** Problem **
Print out the data exactly, keeping every image out of it.

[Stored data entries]
● ● ● ● ● ● ●

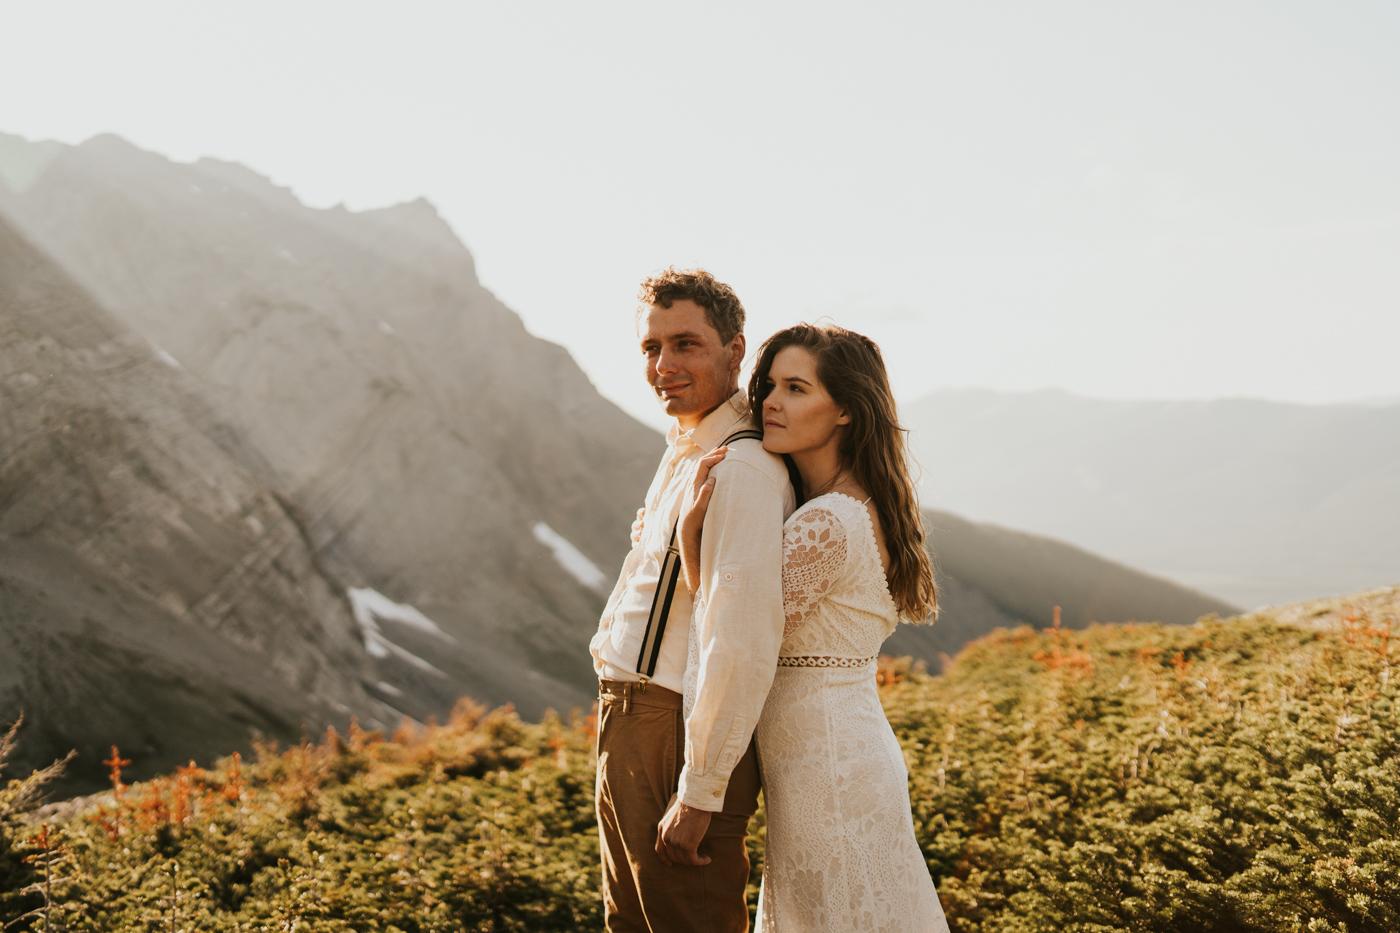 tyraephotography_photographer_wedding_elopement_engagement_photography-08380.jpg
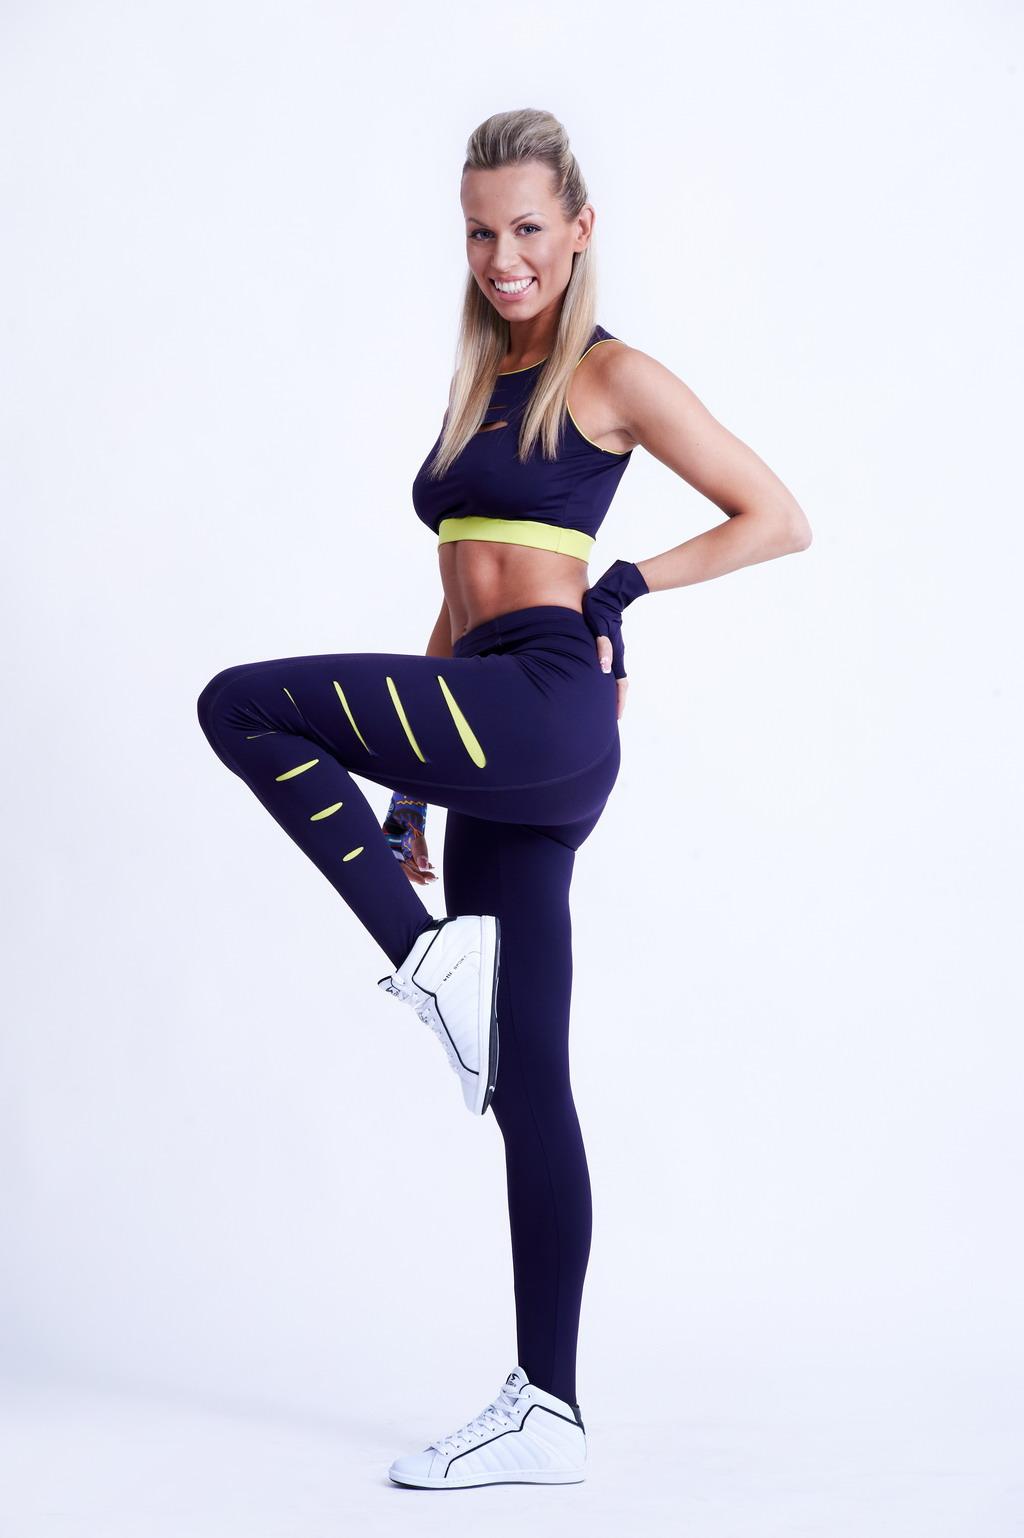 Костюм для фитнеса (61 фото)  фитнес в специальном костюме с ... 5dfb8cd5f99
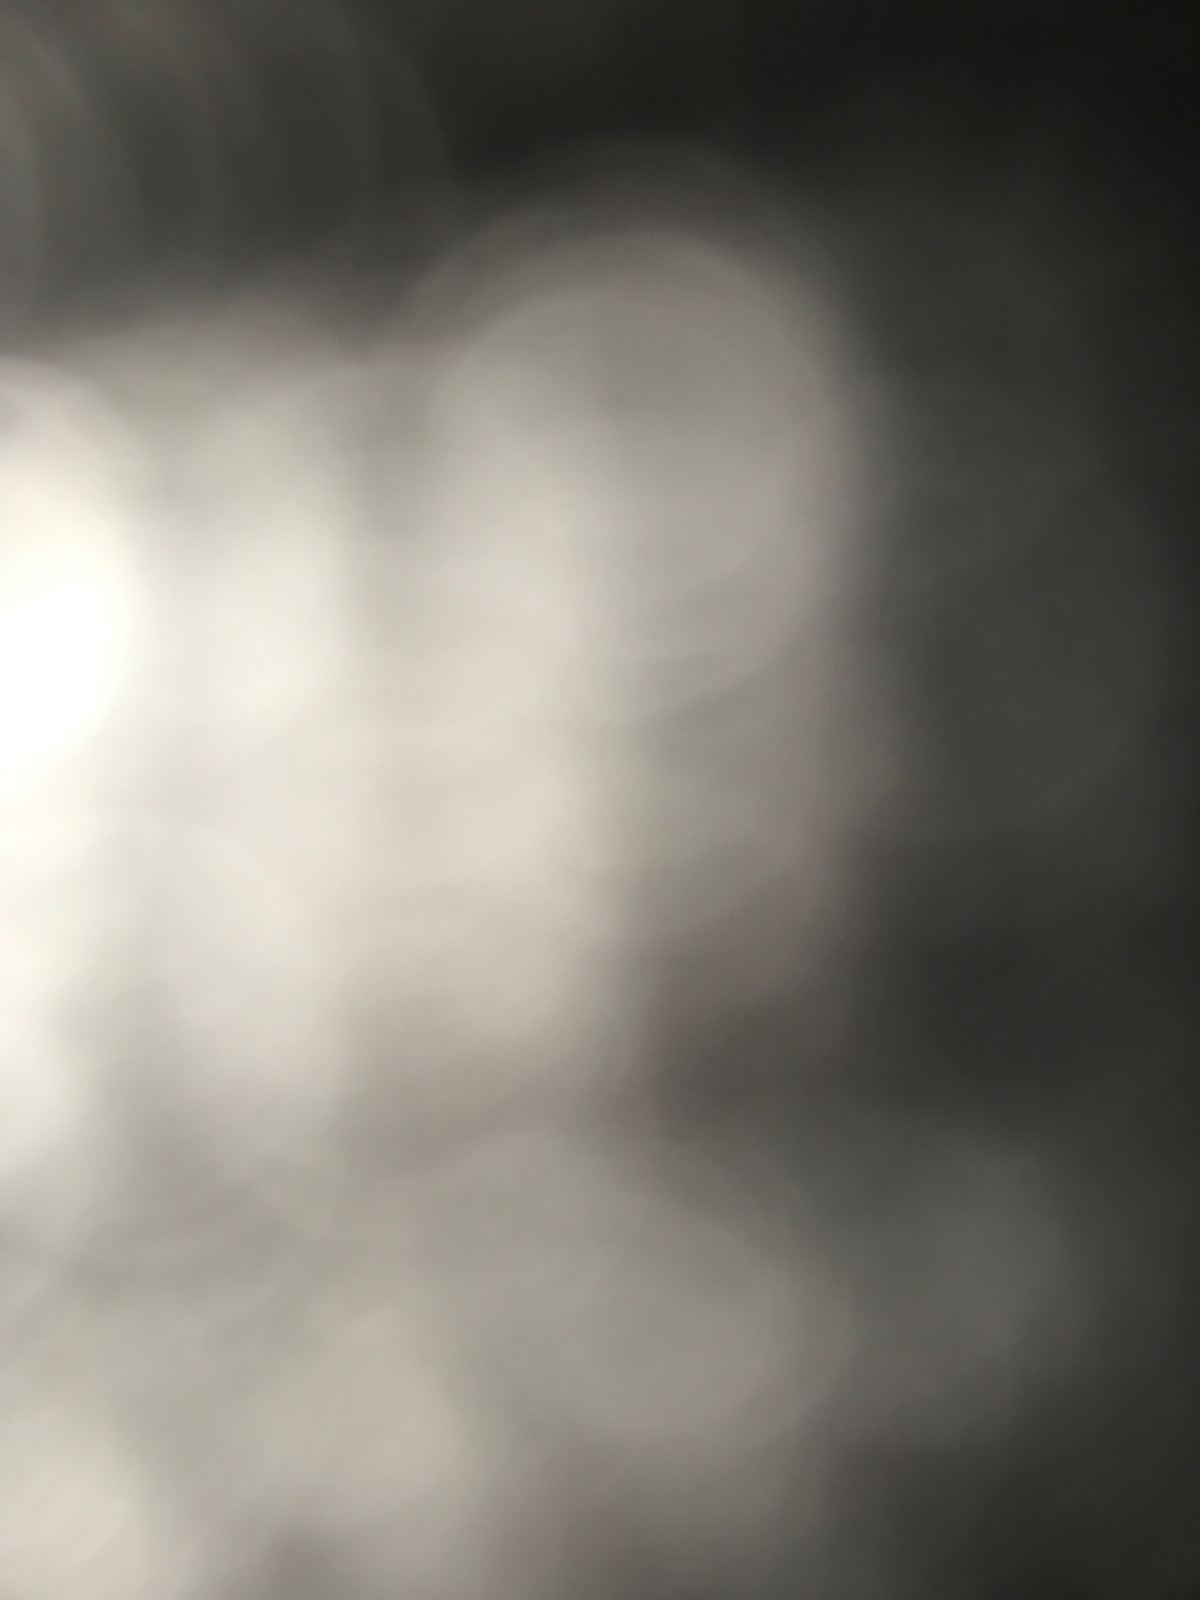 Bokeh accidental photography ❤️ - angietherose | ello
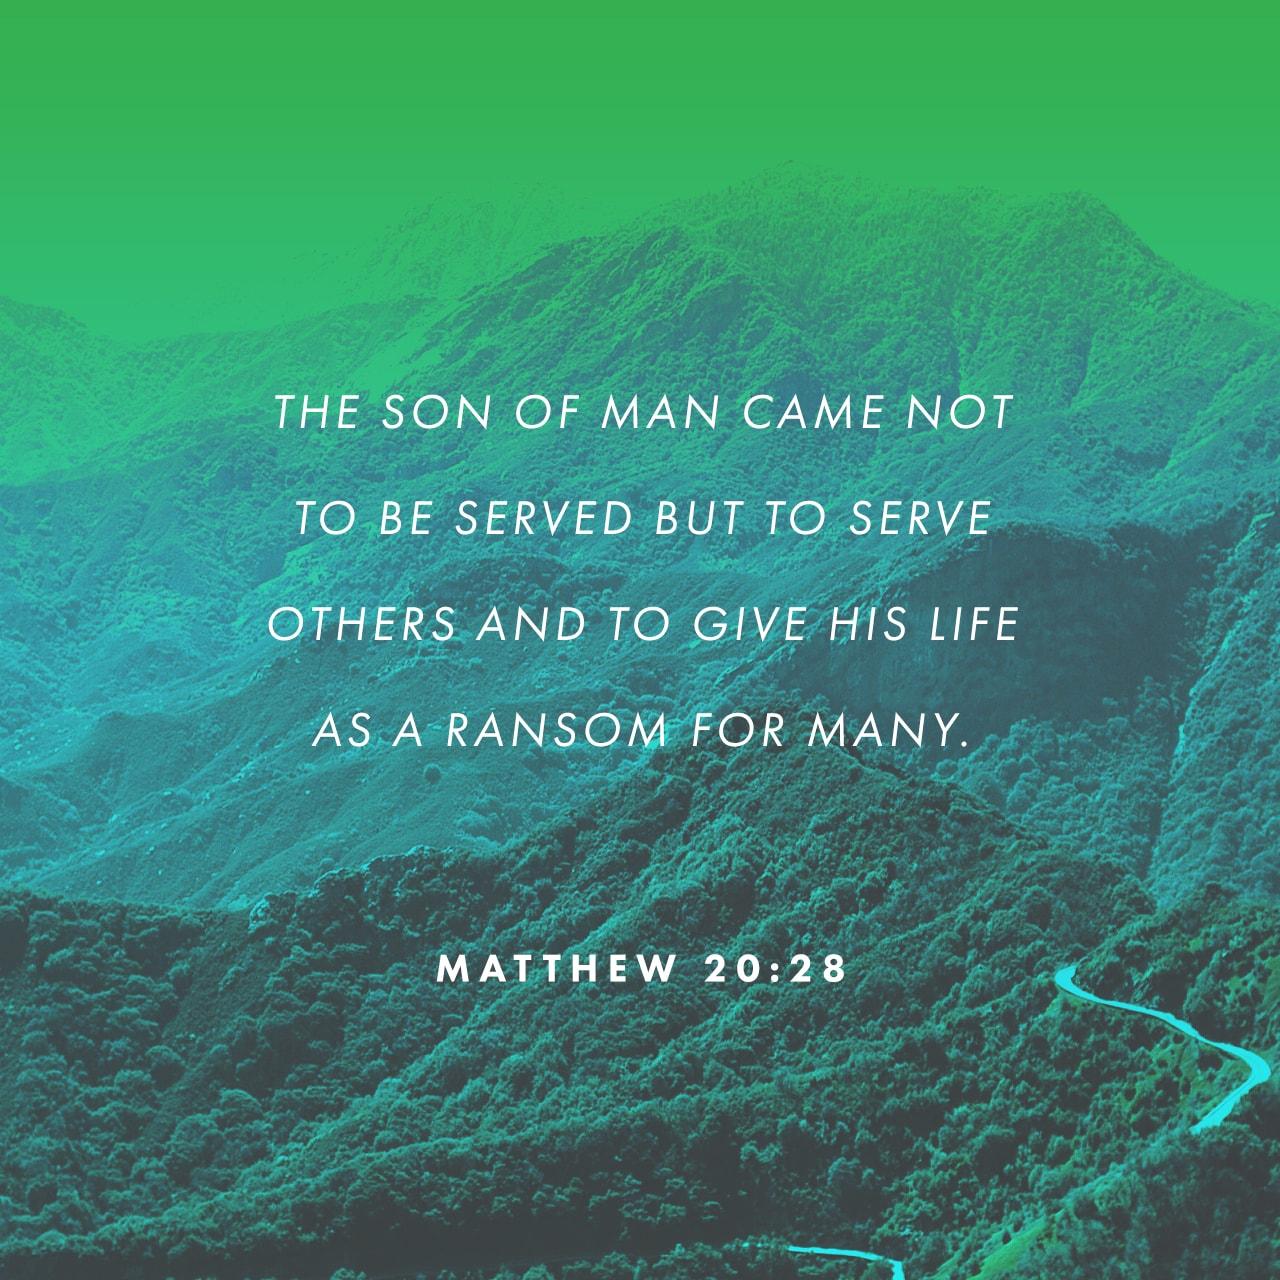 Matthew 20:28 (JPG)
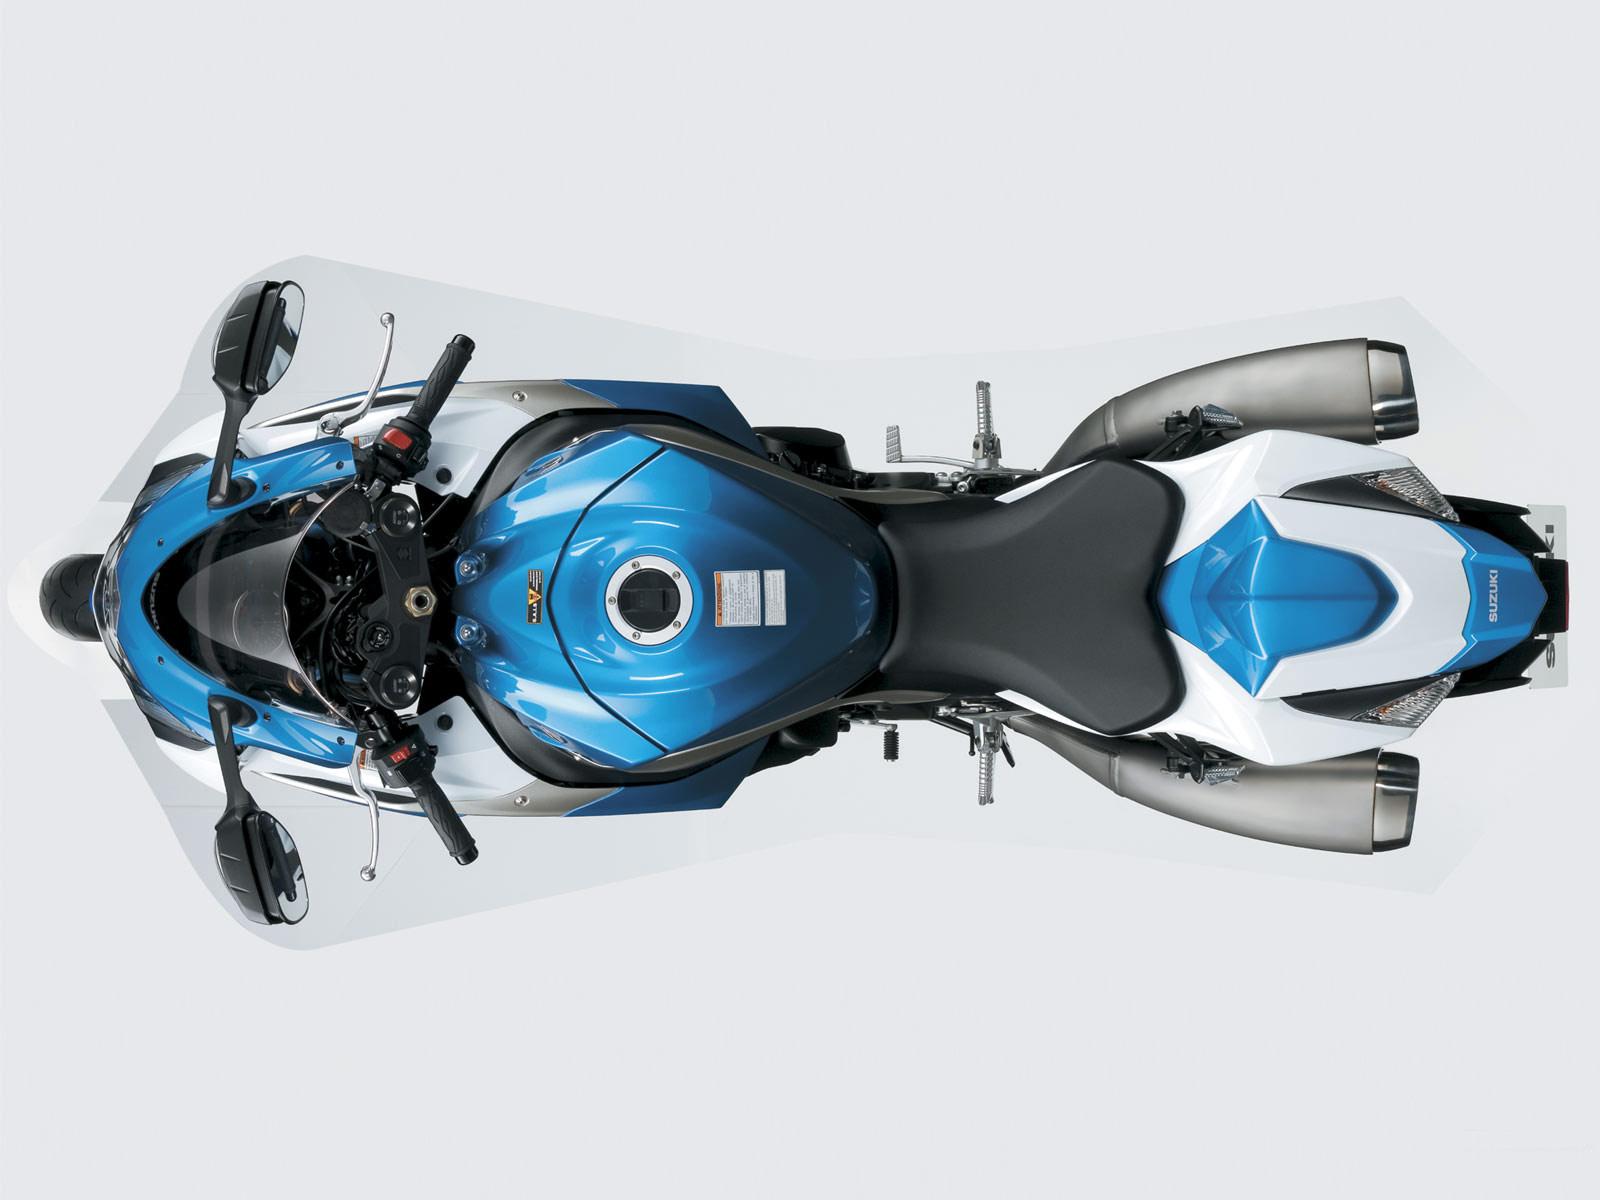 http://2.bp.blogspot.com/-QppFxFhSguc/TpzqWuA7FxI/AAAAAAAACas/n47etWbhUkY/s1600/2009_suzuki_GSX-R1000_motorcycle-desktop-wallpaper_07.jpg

● ● ● ● ● ● ●

** Exercise result **
 tyraephotography_photographer_wedding_elopement_engagement_photography-08380.jpg
 Костюм для фитнеса (61 фото)  фитнес в специальном костюме с ... 5dfb8cd5f99
 Bokeh accidental photography ❤️ - angietherose | ello
 Matthew 20:28 (JPG)
 http://2.bp.blogspot.com/-QppFxFhSguc/TpzqWuA7FxI/AAAAAAAACas/n47etWbhUkY/s1600/2009_suzuki_GSX-R1000_motorcycle-desktop-wallpaper_07.jpg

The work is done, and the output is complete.